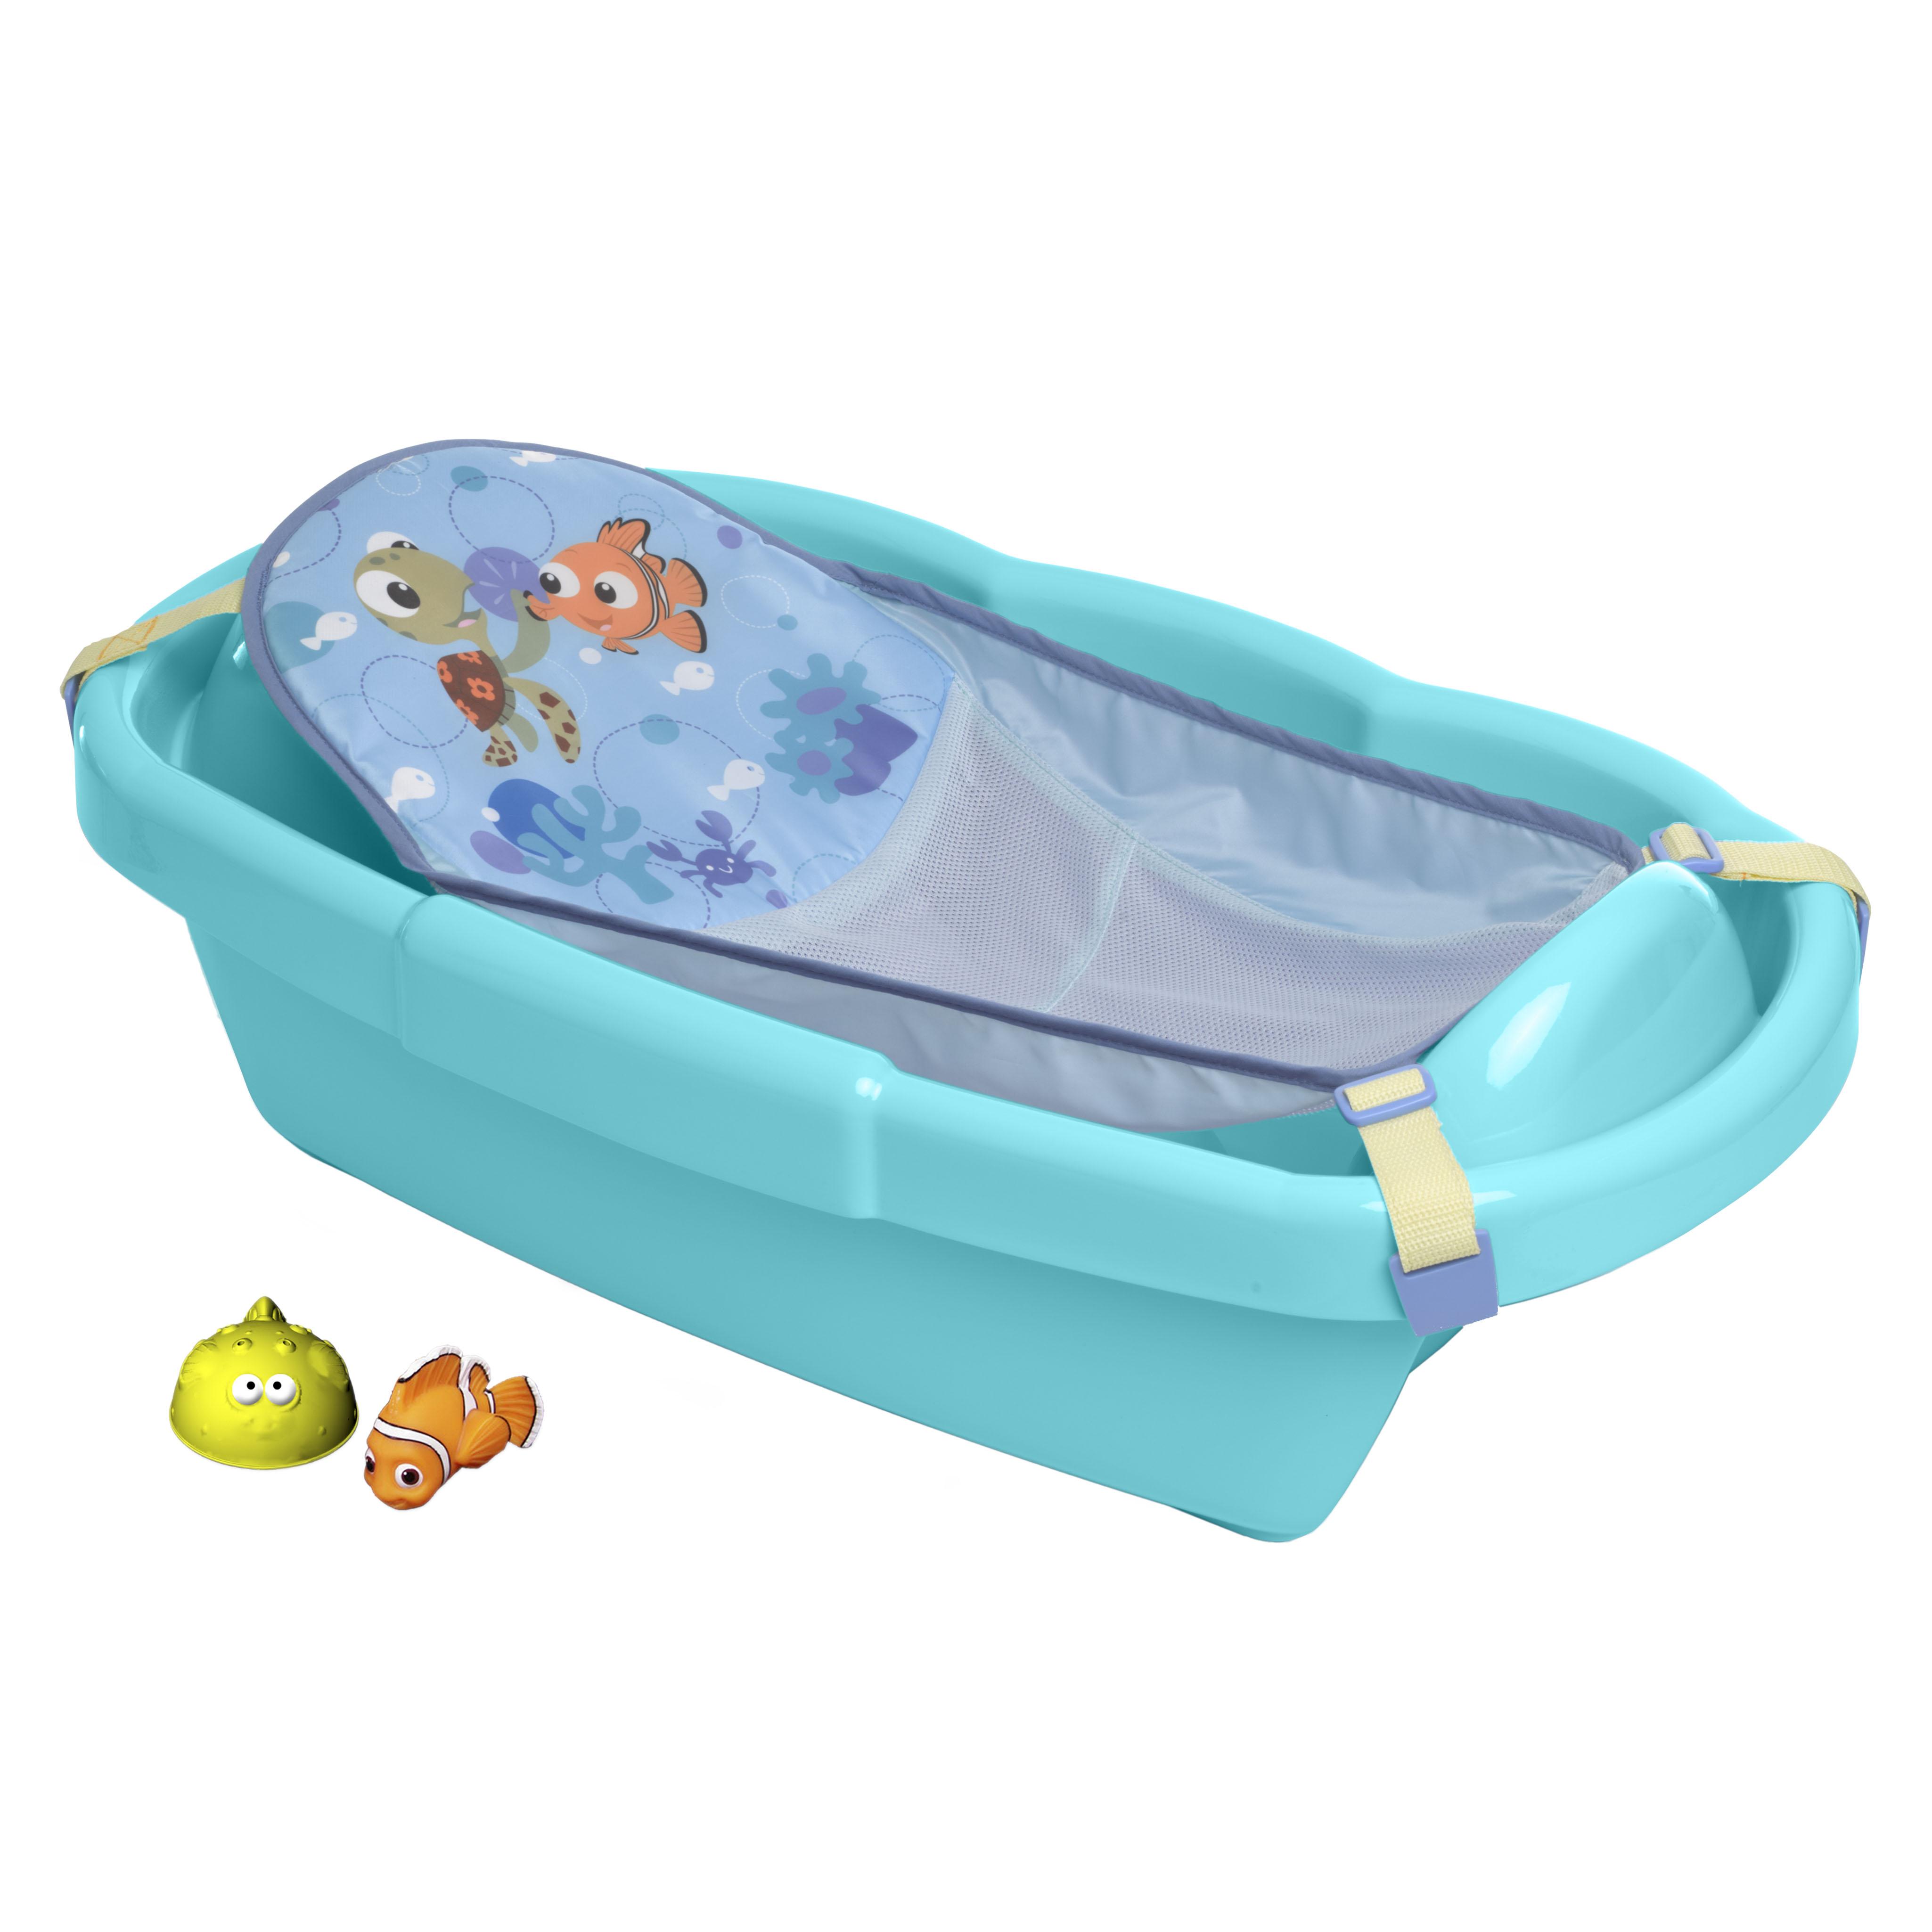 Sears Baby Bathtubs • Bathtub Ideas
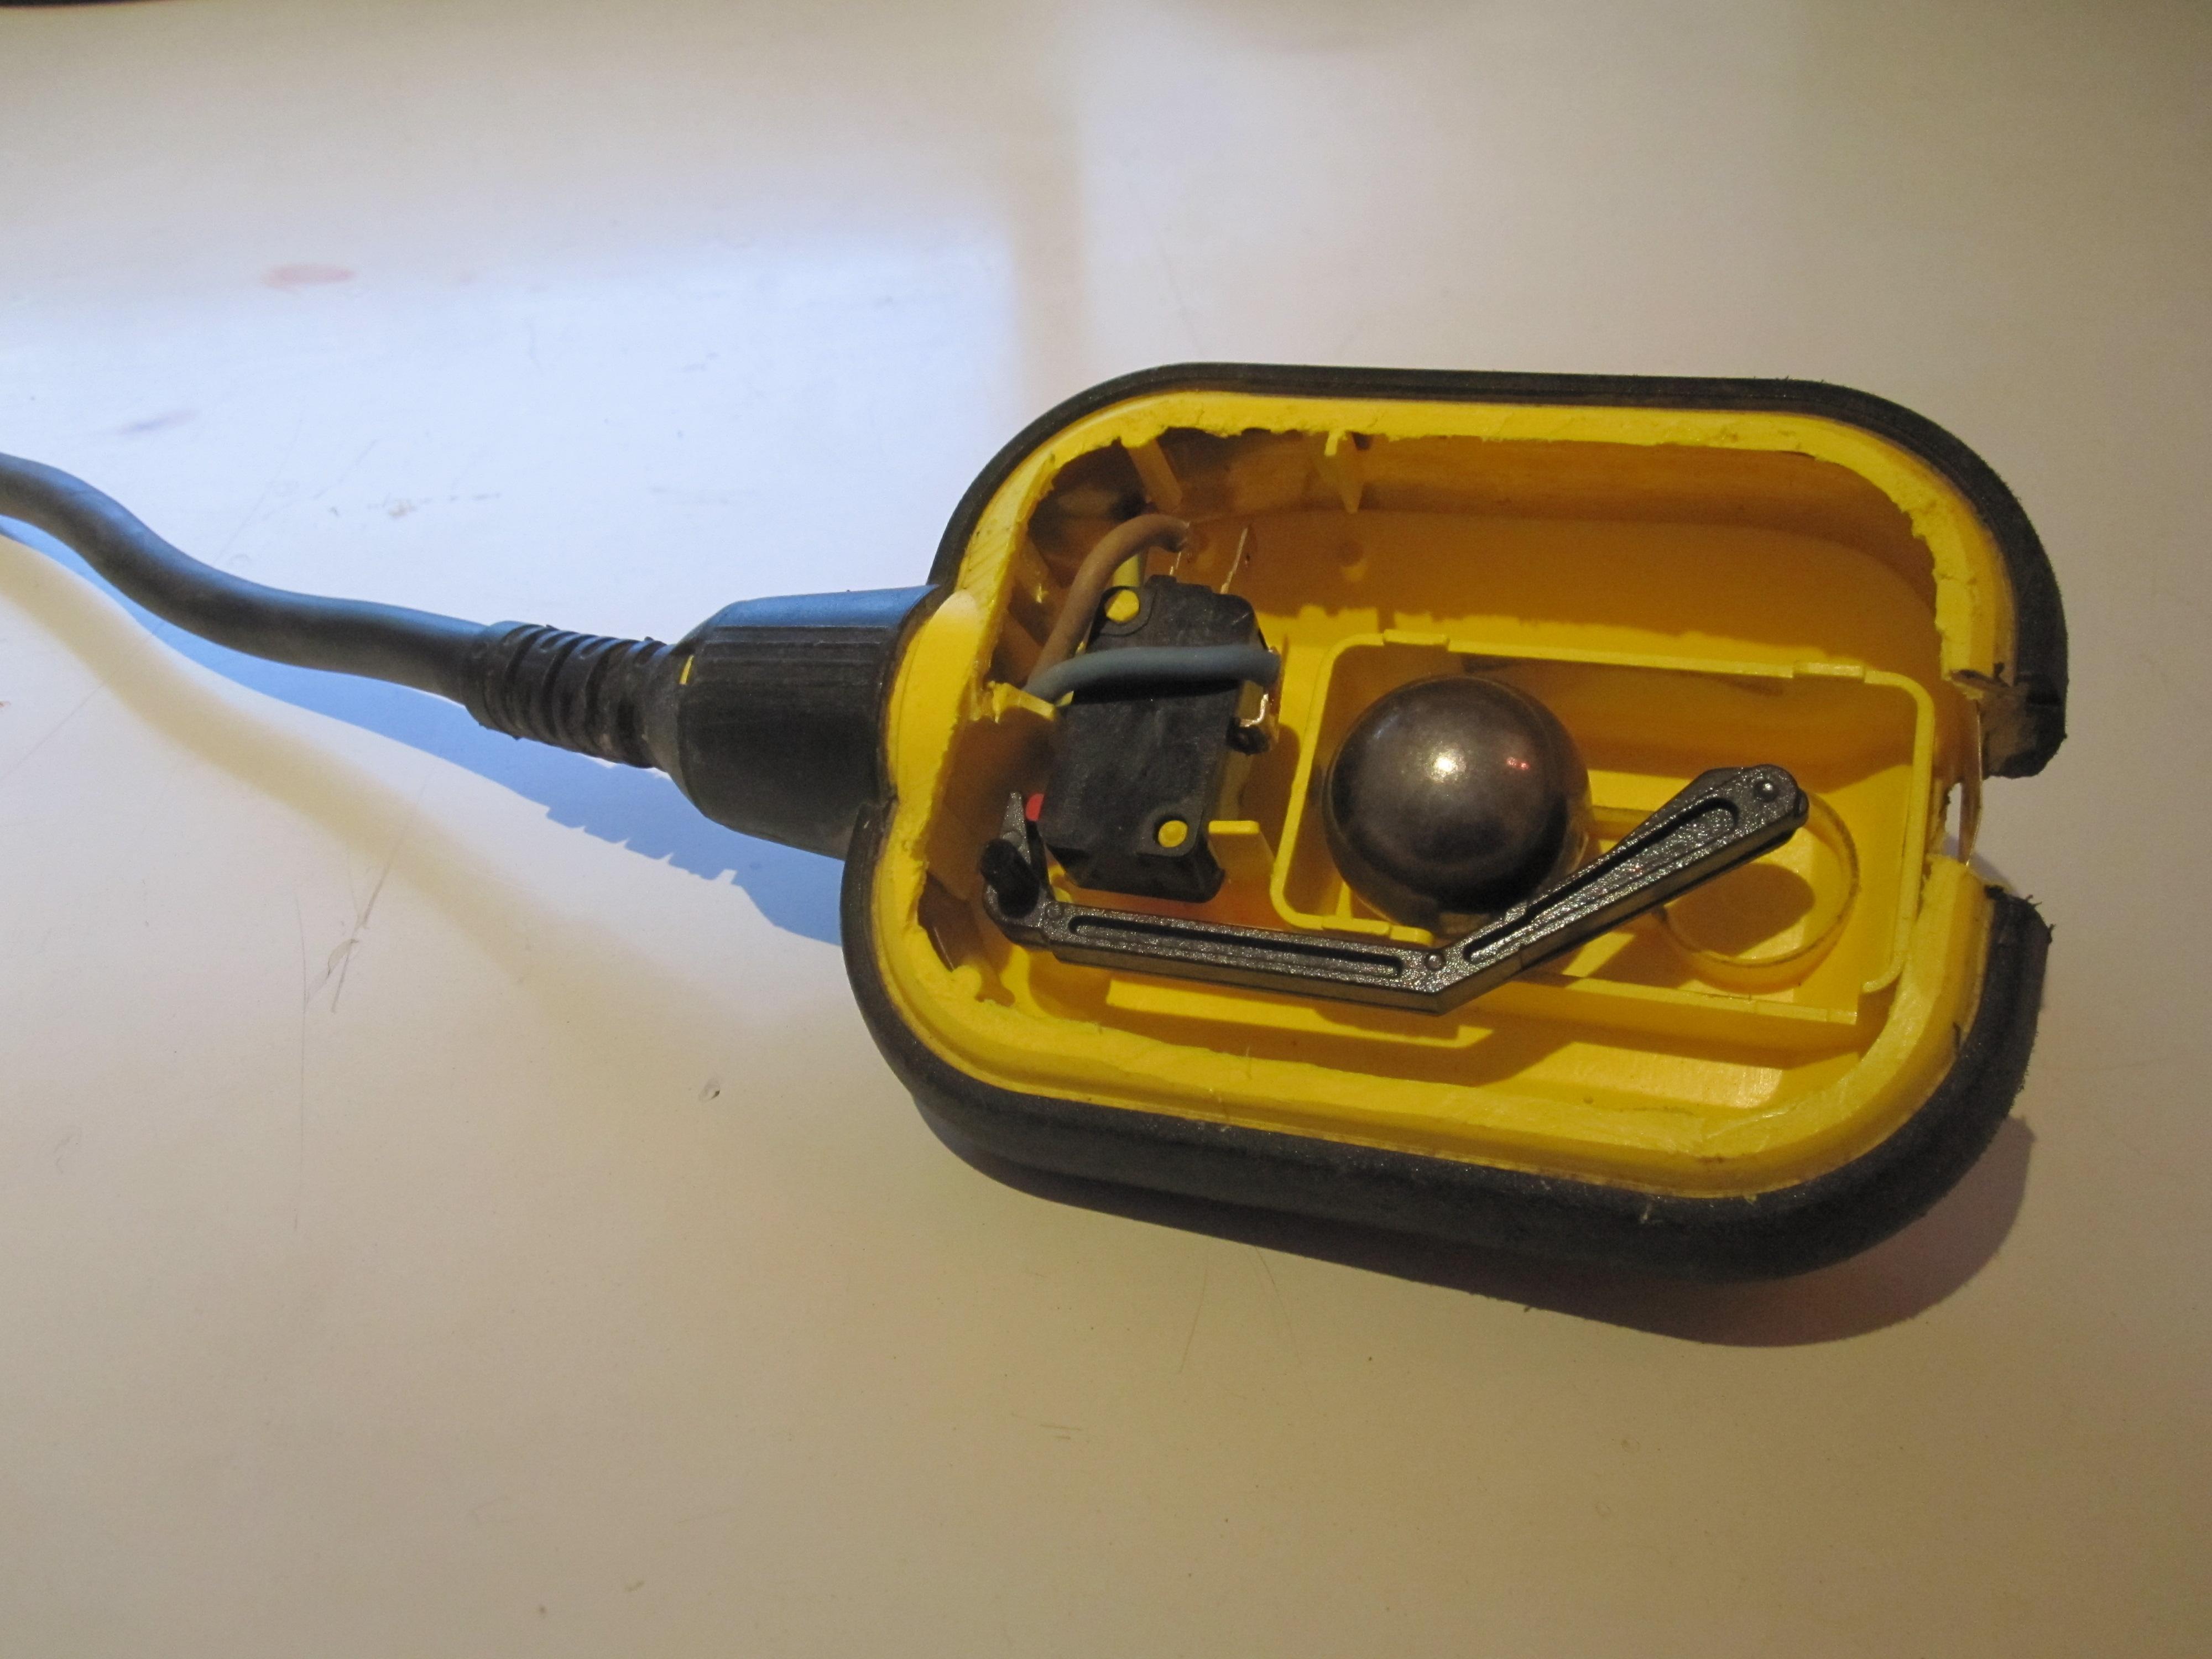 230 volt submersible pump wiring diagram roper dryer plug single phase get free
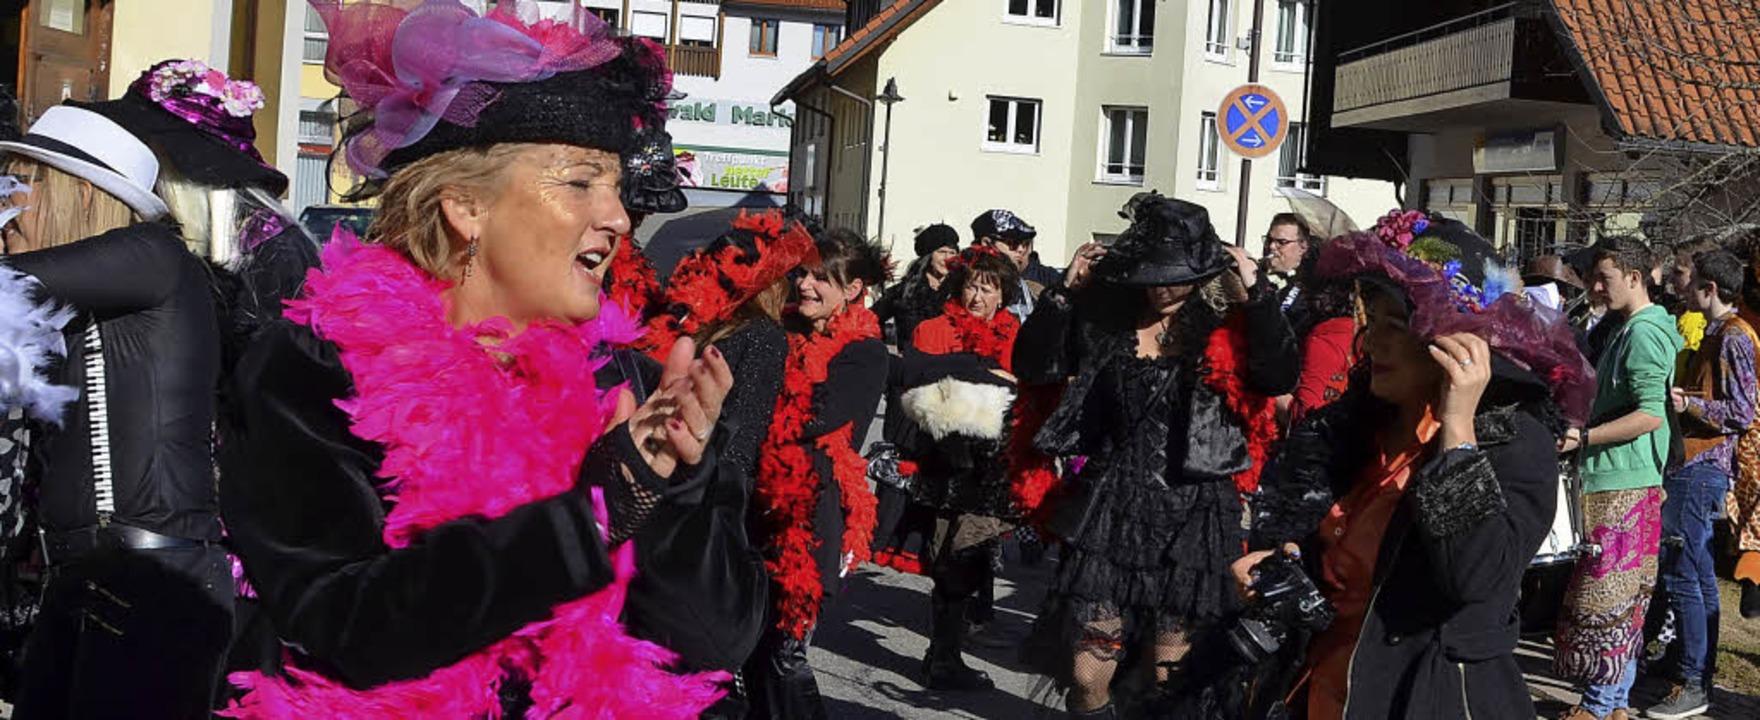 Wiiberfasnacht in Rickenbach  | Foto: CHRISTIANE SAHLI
☆ ☆ ☆
■ HOW TO COMPLETE THIS TASK:
Give back the material above exactly, without pictures.

■ RESULT BELOW:
 Sears Baby Bathtubs • Bathtub Ideas
 230 volt submersible pump wiring diagram roper dryer plug single phase get free
 Wiiberfasnacht in Rickenbach  | Foto: CHRISTIANE SAHLI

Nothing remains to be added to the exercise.